Strategy to Choose \( u \) and \( dv \):
Use the ILATE rule as a general guide to pick \( u \):
| Priority | Function Type (Choose as \( u \)) |
|---|---|
| 1 | Inverse trig (e.g. \( \tan^{-1}x \)) |
| 2 | Logarithmic (e.g. \( \ln x \)) |
| 3 | Algebraic (e.g. \( x^2, x \)) |
| 4 | Trigonometric (e.g. \( \sin x, \cos x \)) |
| 5 | Exponential (e.g. \( e^x \)) |
Example:
Let \(\displaystyle \int x \ln x \, dx \) be evaluated using integration by parts. Which of the following is the correct indefinite integral?
(A) \( \dfrac{x^2}{2} \ln x – \dfrac{x^2}{4} + C \)
(B) \( x \ln x – x + C \)
(C) \( \dfrac{x^2}{2} \ln x – \dfrac{x}{2} + C \)
(D) \( x \ln x + \dfrac{x^2}{2} + C \)
(E) \( x \ln x – \dfrac{x^2}{2} + C \)
▶️Answer/Explanation
We apply integration by parts:
Let \( u = \ln x \), \( dv = x\,dx \).
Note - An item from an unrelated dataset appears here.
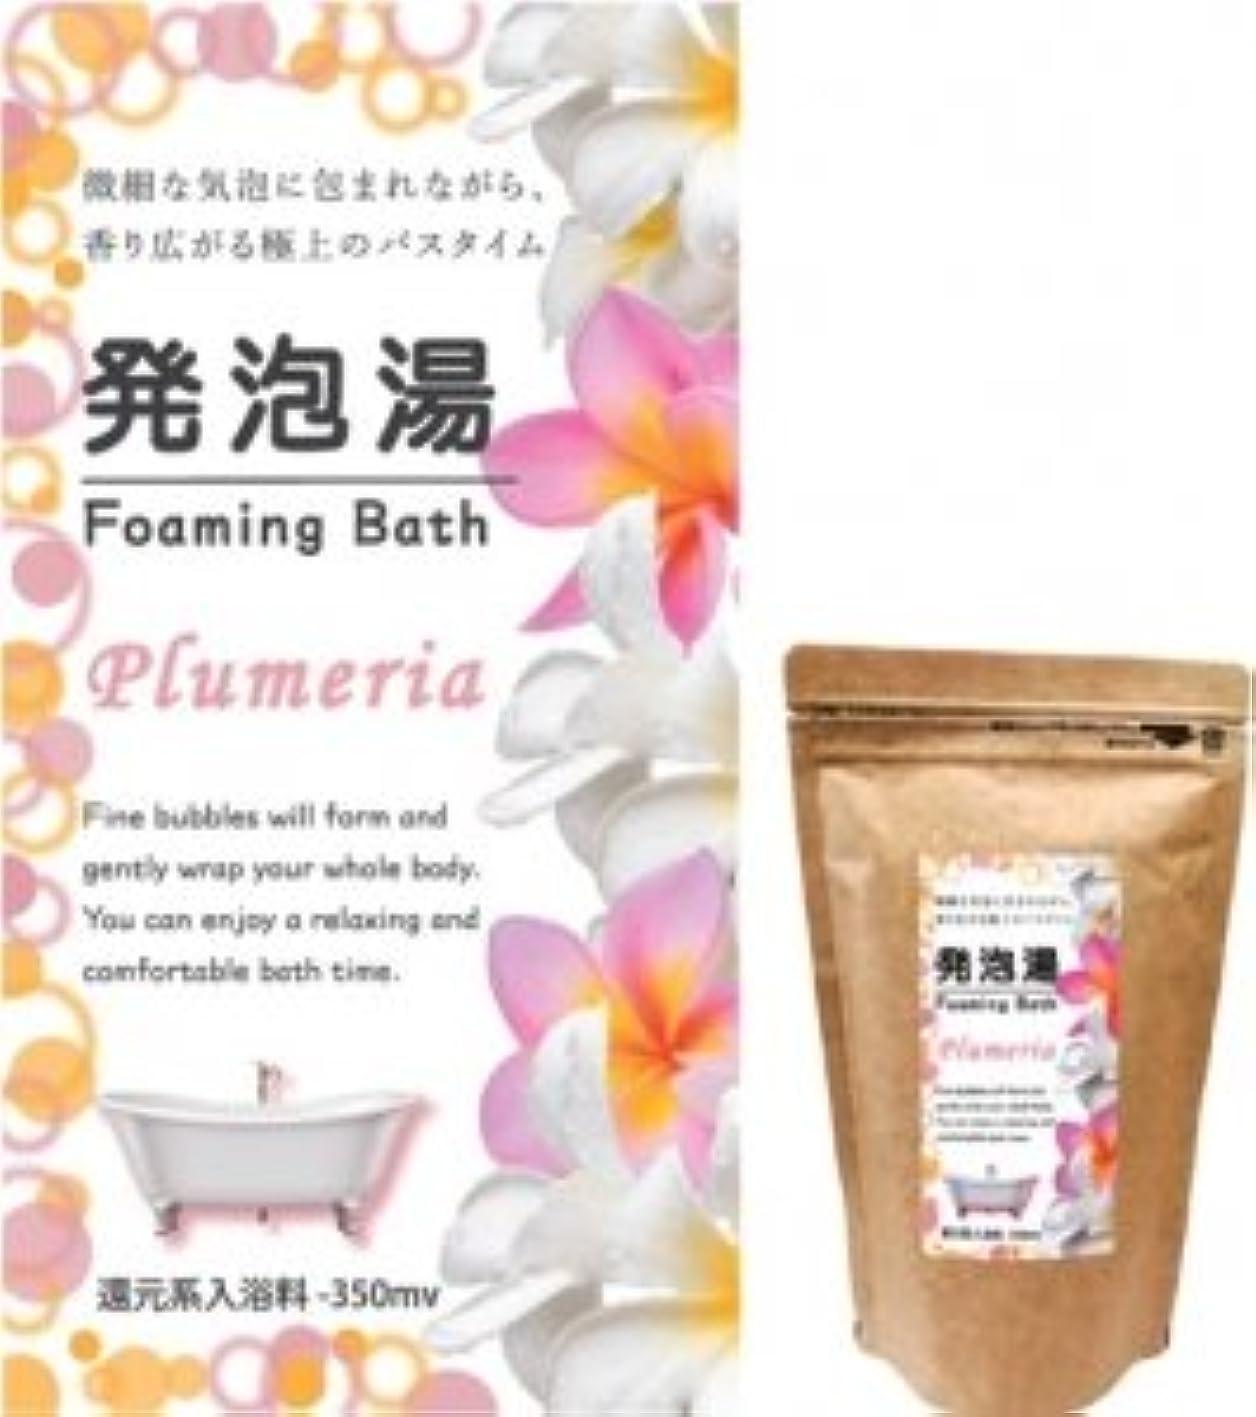 次レジのスコア発泡湯(はっぽうとう) Foaming Bath Plumeria プルメリア お徳用15回分

Then:
- \( du = \dfrac{1}{x}\,dx \)
- \( v = \dfrac{x^2}{2} \)
Using integration by parts: \(\displaystyle \int u\,dv = uv -\displaystyle \int v\,du \)
\(\displaystyle \int x \ln x\, dx = \dfrac{x^2}{2} \ln x -\displaystyle \int \dfrac{x^2}{2} \cdot \dfrac{1}{x} \, dx \)
\( = \dfrac{x^2}{2} \ln x -\displaystyle \int \dfrac{x}{2} \, dx = \dfrac{x^2}{2} \ln x – \dfrac{x^2}{4} + C \)
Correct answer: (A)
Example:
Evaluate \(\displaystyle \int x e^x \, dx \)
▶️Answer/Explanation
Use integration by parts. Choose:
- \( u = x \) ⇒ \( du = dx \)
- \( dv = e^x dx \) ⇒ \( v = e^x \)
Now apply:
\(\displaystyle \int x e^x dx = uv -\displaystyle \int v \, du = x e^x -\displaystyle \int e^x dx = x e^x – e^x + C \)
Final Answer: \( e^x(x – 1) + C \)
Example:
Evaluate \(\displaystyle \int \ln x \, dx \)
▶️Answer/Explanation
Let:
- \( u = \ln x \) ⇒ \( du = \dfrac{1}{x} dx \)
- \( dv = dx \) ⇒ \( v = x \)
\(\displaystyle \int \ln x \, dx = x \ln x -\displaystyle \int x \cdot \dfrac{1}{x} dx = x \ln x -\displaystyle \int 1 \, dx = x \ln x – x + C \)
Final Answer: \( x \ln x – x + C \)
Example:
Evaluate \(\displaystyle \int_0^1 x \ln(x+1) \, dx \)
▶️Answer/Explanation
Let:
- \( u = \ln(x+1) \) ⇒ \( du = \dfrac{1}{x+1} dx \)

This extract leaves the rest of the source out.